Development setup#

Local installation#

Install the package aber cloning it locally.

pip install --editable '.[dev]'

Using a virtual environment is highly recommended.

Unit tests#

To run the tests run the command:

pytest test/

You can also indicate specific tests to run:

pytest test/test_parse_params_alphapept.py

Testing the web interface locally#

Start the web server locally with:

cd ./webinterface/
streamlit run Home.py

This will launch the Proteobench application in your web browser.

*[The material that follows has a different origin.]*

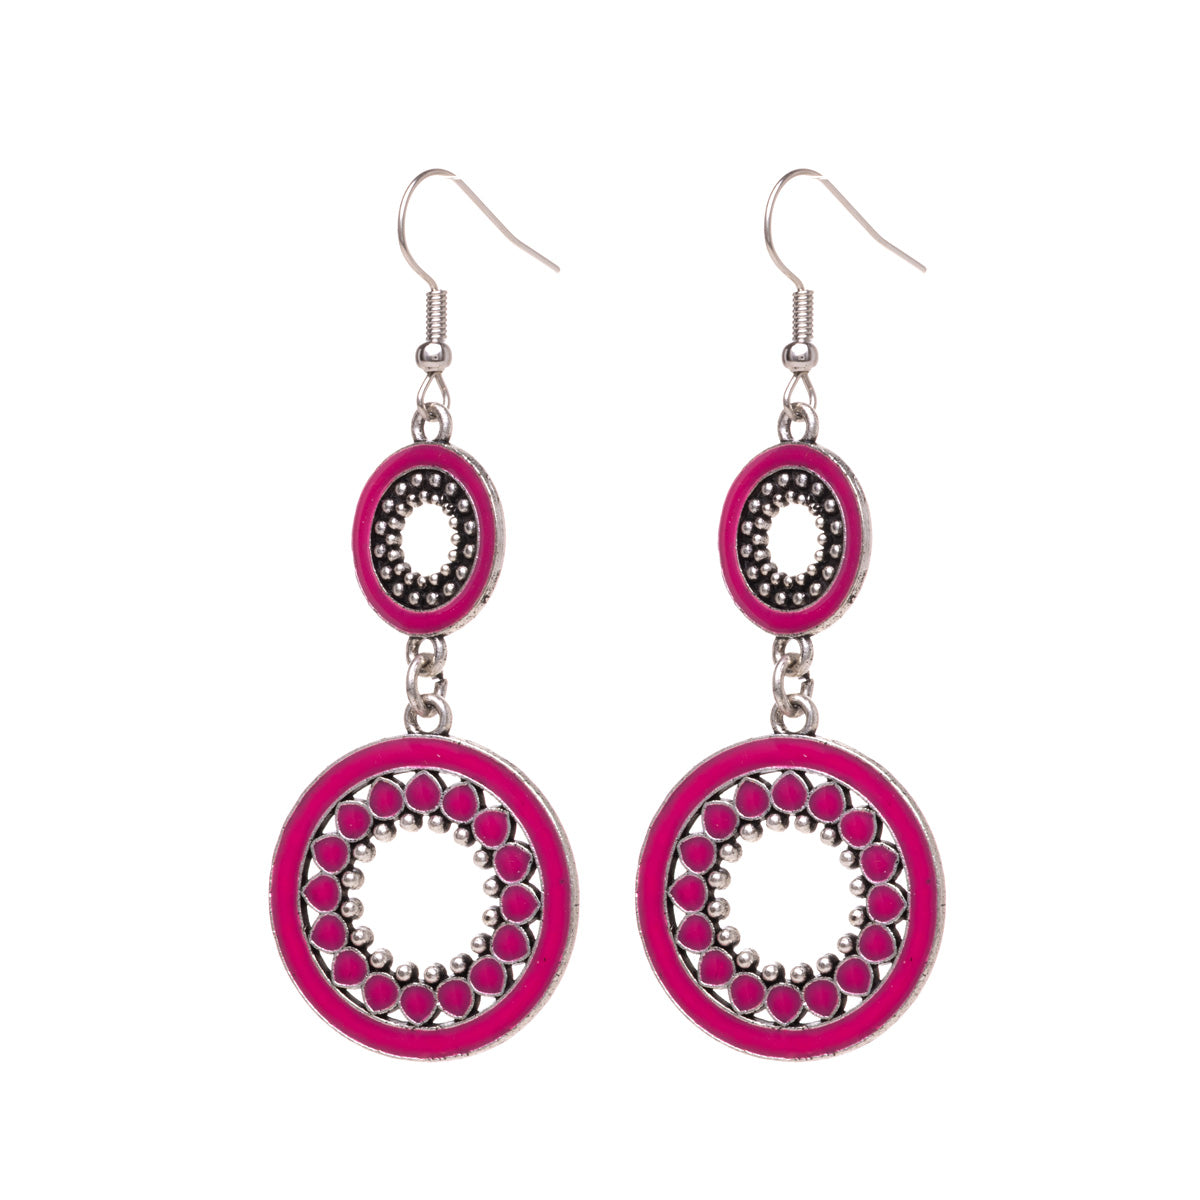 Coloured hanging renngas earrings

Changes to the code in ./webinterface will trigger a reload of the web server. However, changes in ./proteobench require a full restart of the webserver to be included.

Documentation#

To work on the documentation and get a live preview, install the requirements and run sphinx-autobuild:

pip install -e '.[docs]'
sphinx-autobuild  --watch ./proteobench ./docs/ ./docs/_build/html/

Then browse to http://localhost:8000 to watch the live preview.

How to contribute#

  • Fork ProteoBench on GitHub to make your changes.

  • Commit and push your changes to your fork.

  • Ensure that the tests and documentation (both Python docstrings and files in /docs/source/) have been updated according to your changes. Python docstrings are formatted in the numpydoc style.

  • Open a pull request with these changes. You pull request message ideally should include:

    • A description of why the changes should be made.

    • A description of the implementation of the changes.

    • A description of how to test the changes.

  • The pull request should pass all the continuous integration tests which are automatically run by GitHub Actions.

Release workflow#

  • When a new version is ready to be published:

    1. Change the __version__ in proteobench/__init__.py following semantic versioning.

    2. Update the changelog (if not already done) in CHANGELOG.md according to Keep a Changelog.

    3. Merge all final changes with the main branch.

    4. Create a new release on GitHub.

  • When a new GitHub release is made, the Publish GitHub Action is automatically triggered to build the Python package and publish it to PyPI. Upon a new PyPI release, the Bioconda automations will automatically update the Bioconda package. However, if dependencies are changed, the conda recipe will have to be updated accordingly.